July 20 (Bloomberg) -- Crude oil climbed for a second day after a report showed that U.S. supplies dropped as refineries bolstered fuel output and on speculation that European leaders will agree on steps to address the region’s debt crisis.
Oil rose 0.7 percent after the Energy Department said stockpiles fell 3.73 million barrels to 351.7 million last week. Analysts surveyed by Bloomberg News forecast a decrease of 2 million. Refineries operated at 90.3 percent of capacity, an 11-month high. European officials meet tomorrow to break a deadlock over a new Greek rescue plan.
“The crude number was very strong,” said Phil Flynn, vice president of research at PFGBest in Chicago. “Refineries are operating at the highest rate this season, which suggests there is pretty strong demand somewhere. It looks like U.S. refineries are producing a great deal of fuel for export.”
Crude oil for August delivery increased 64 cents to settle at $98.14 a barrel on the New York Mercantile Exchange. The contract expired today. The more actively traded September future advanced 54 cents, or 0.6 percent, to settle at $98.40.
Brent oil for September settlement rose $1.09, or 0.9 percent, to end the session at $118.15 a barrel on the London-based ICE Futures Europe exchange. The spread between oil in New York and Brent widened to a record $22.63 a barrel July 14. The September contracts for the grades ended today $19.75 apart.

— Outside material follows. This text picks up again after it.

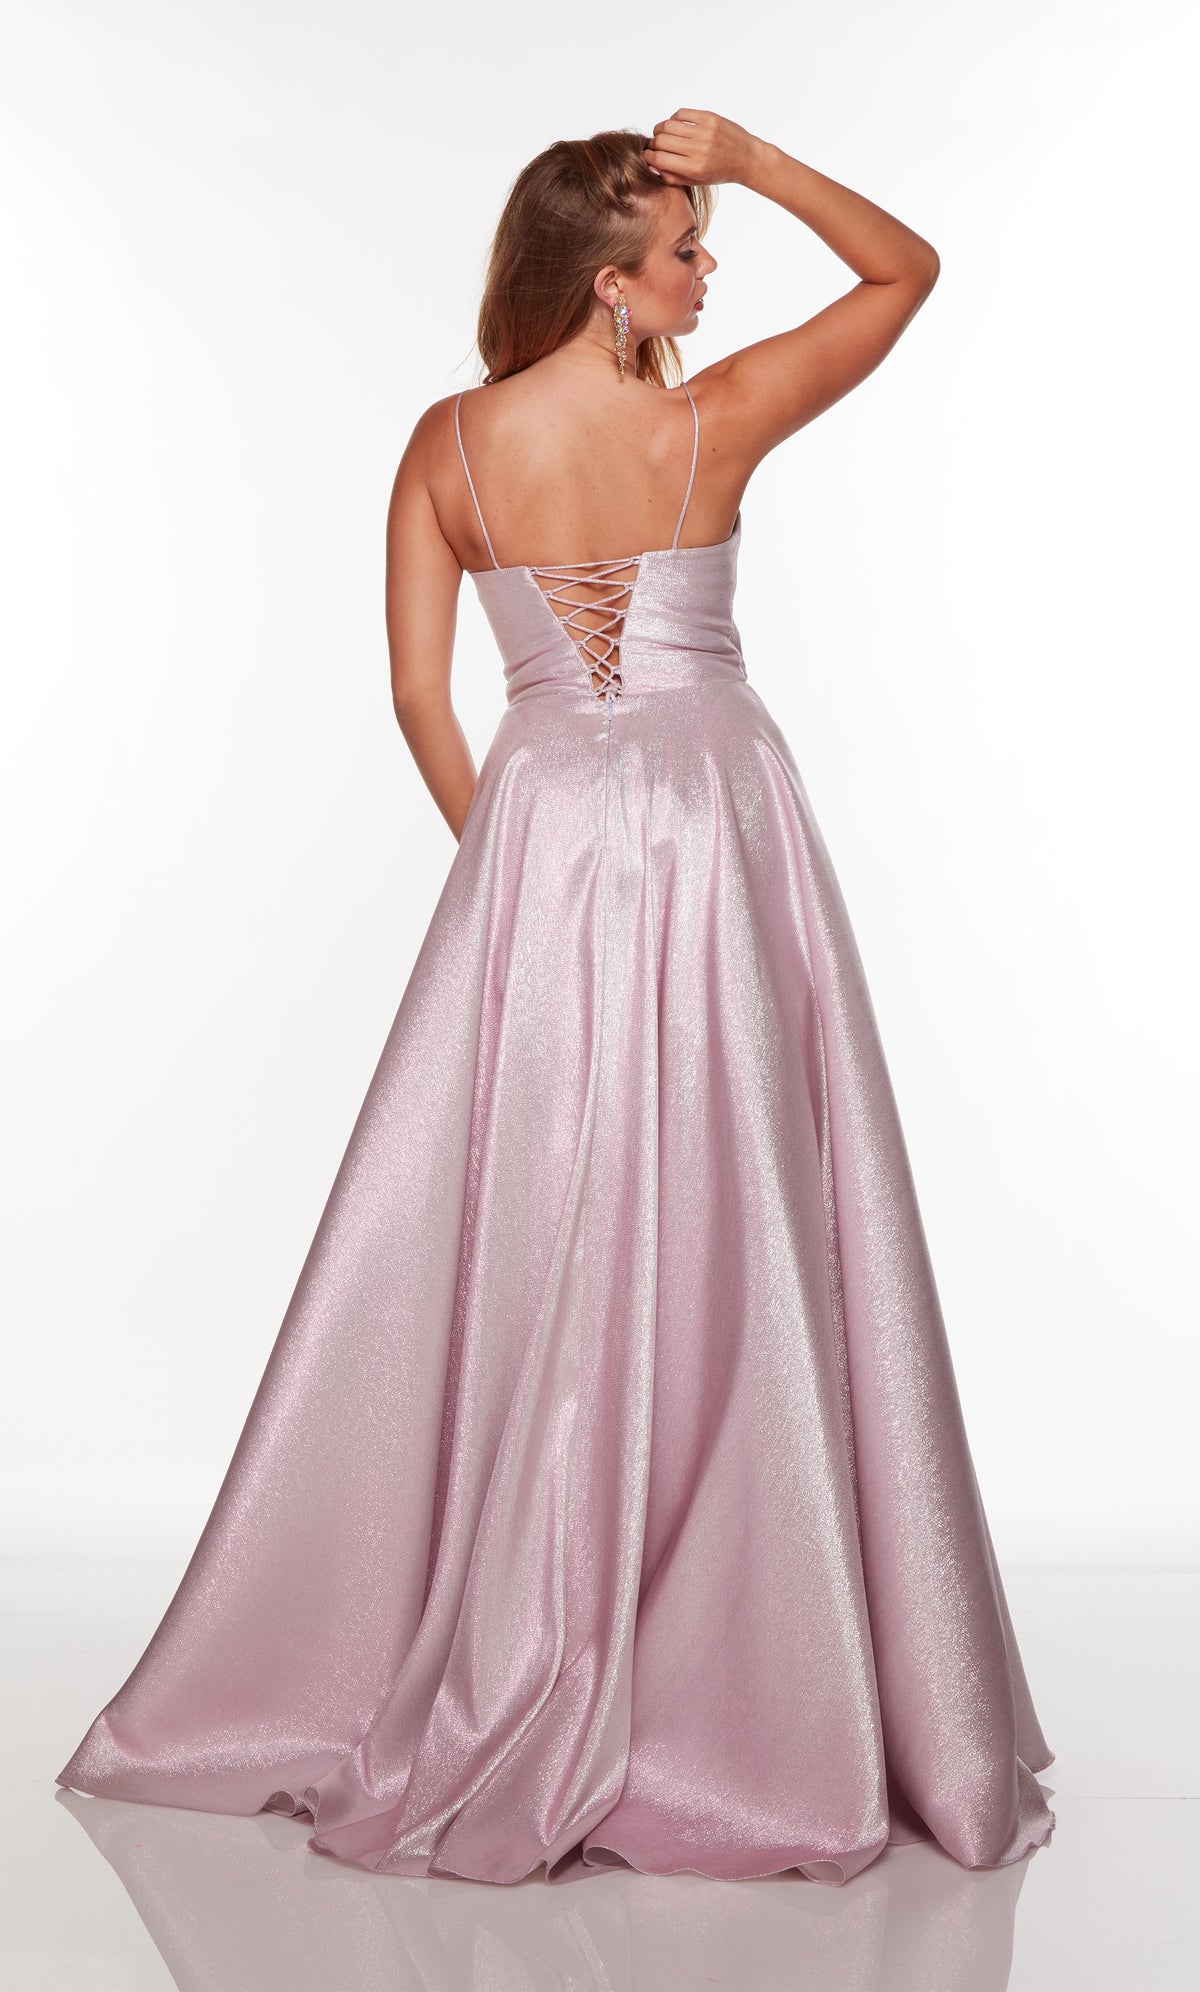 Light purple prom dress with a sweetheart neckline, ruched bodice, and pockets.
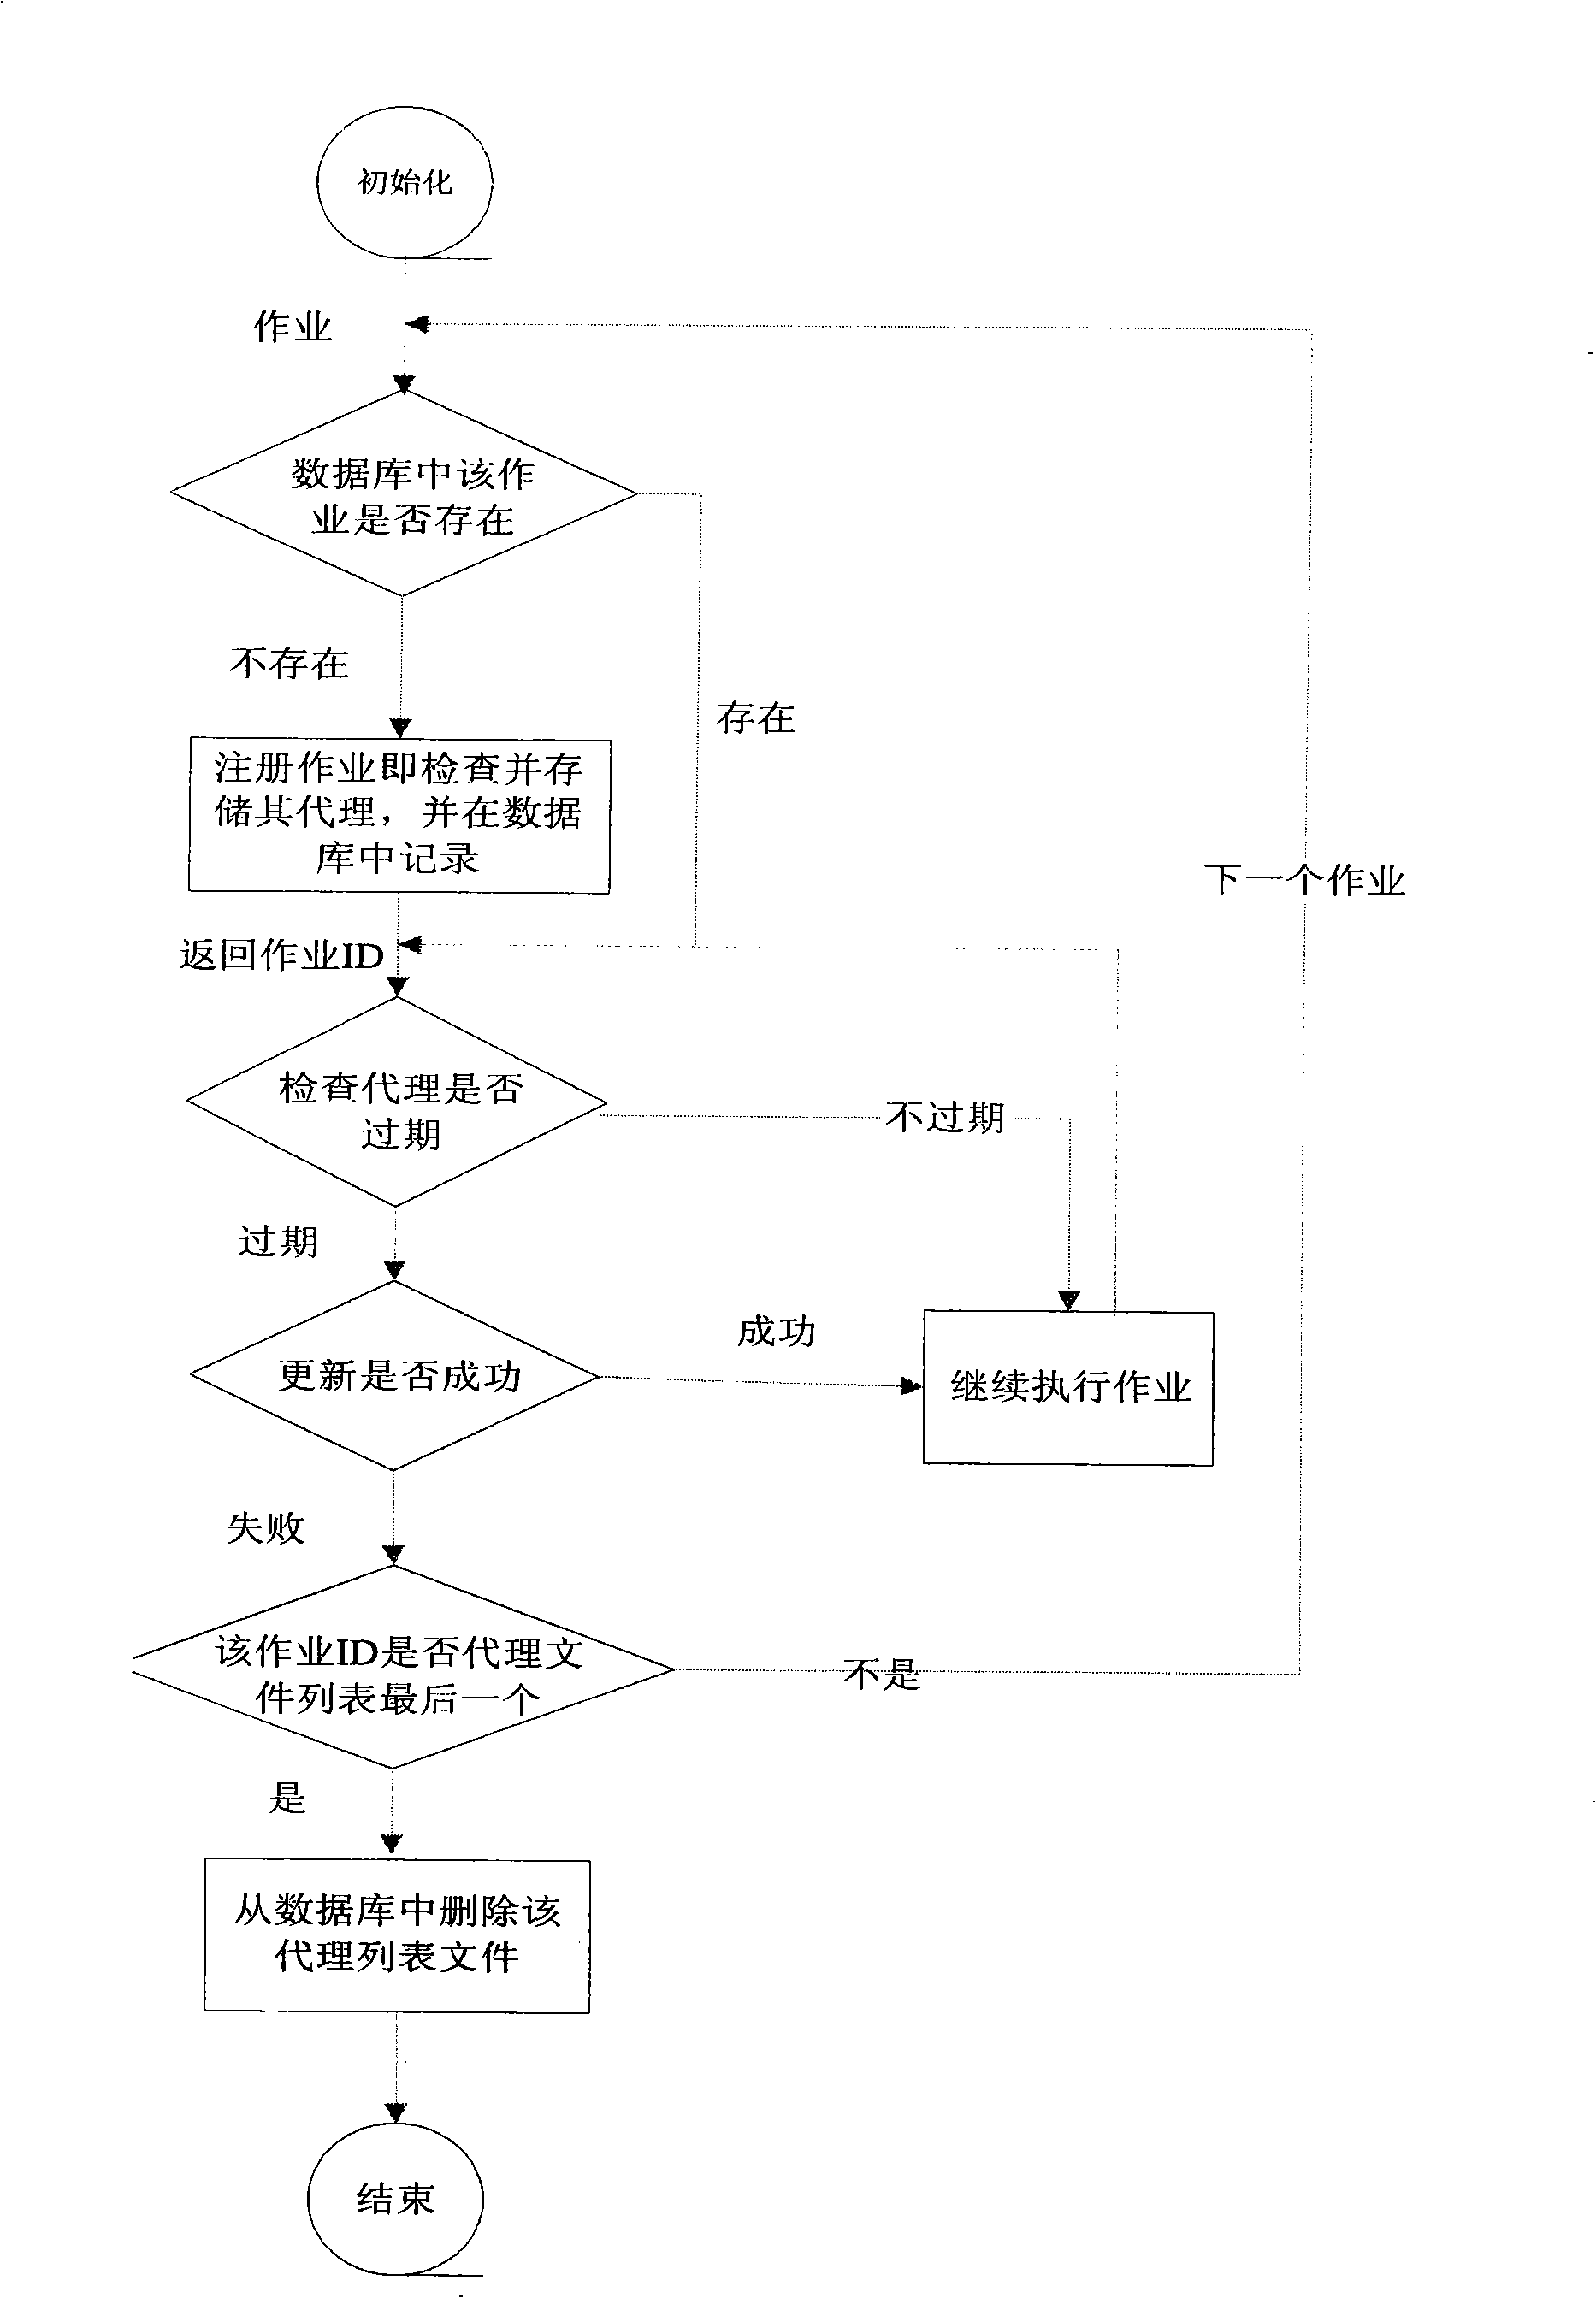 Implementing method of network security system capable of self-updating letter of representation

Crude oil supplies at Cushing, Oklahoma, the physical delivery point for West Texas Intermediate oil, the grade traded in New York, tumbled 977,000 barrels to 36.7 million.
DigitalGlobe Inc. said on July 18 that Cushing inventories fell 2.5 percent from July 9 to July 14. Stockpiles held in floating-roof tanks at the hub dropped 898,000 barrels to 35.7 million barrels, satellite images taken by the Longmont, Colorado-based company show.
Refinery operations advanced 2.3 percentage points last week, the report showed. Operating rates were forecast to be unchanged, according to the median of 14 analyst estimates in a Bloomberg News survey.
“We had a bump in refinery operating rates, so crude oil was converted into products,” said Tim Evans, an energy analyst at Citi Futures Perspective in New York. “Overall petroleum stocks ended the week higher.”
Gasoline supplies grew 757,000 barrels to 212.5 million, the first gain in five weeks. Inventories of distillate fuel, a category that includes heating oil and diesel, rose 3.43 million barrels to 148.5 million barrels. Total commercial stockpiles of crude oil and fuel climbed 3.8 million barrels to 1.07 billion.
Profit margins for refiners, as expressed by the so-called crack spread, climbed to a record $34.993 a barrel July 14, based on New York futures prices. The hypothetical profit to refine three barrels of oil into two barrels of gasoline and one of heating oil was $32.10 a barrel, based on today’s settlement prices of September contracts.
“Barrels are going to other countries because of the Brent premium,” said Kyle Cooper, director of research for IAF Advisors in Houston. “If you are a refiner who can get your hands on WTI, you are going to process it because the margins are out of sight. The crack spread is wide enough that you will do well even with more expensive grades.”
The Energy Department will deliver about 7.7 million barrels of crude oil from the U.S. Strategic Petroleum Reserve in July, according to a notice on its website. The rest of the 30.64 million-barrel release will be delivered in August.
“The crude numbers weren’t as bullish as the first looked,” said Bill O’Grady, chief market strategist at Confluence Investment Management in St. Louis. “People were probably making room for SPR barrels, which will soon start showing up in the data.”
German Chancellor Angela Merkel and French President Nicolas Sarkozy are meeting in Berlin today to seek common ground on fighting the region’s debt crisis before tomorrow’s European summit, a meeting that their Greek counterpart says could make or break the euro.
“There’s optimism that an agreement will come out of tomorrow’s EU summit, will be enough to calm fears about the debt crisis,” said Addison Armstrong, director of market research at Tradition Energy in Stamford, Connecticut.
European officials are considering steps previously rejected by Germany, including the use of precautionary credit lines, to prevent the spread of the region’s debt crisis, a person close to the talks said. Other options up for discussion include enabling the main 440 billion-euro ($626 billion) rescue fund to lend to recapitalize banks, said the person, who declined to be named because negotiations are in progress.
U.S. Deficit Proposal
President Barack Obama endorsed a U.S. deficit-cutting proposal by a bipartisan group of senators. The plan for a $3.7 trillion debt reduction faces resistance from House Republicans as lawmakers intensify efforts for a compromise on government spending less than two weeks before a threatened default.
Oil volume in electronic trading on the Nymex was 454,225 contracts as of 3:11 p.m. in New York. Volume totaled 617,053 contracts yesterday, 8.3 percent below the average of the past three months. Open interest was 1.49 million contracts.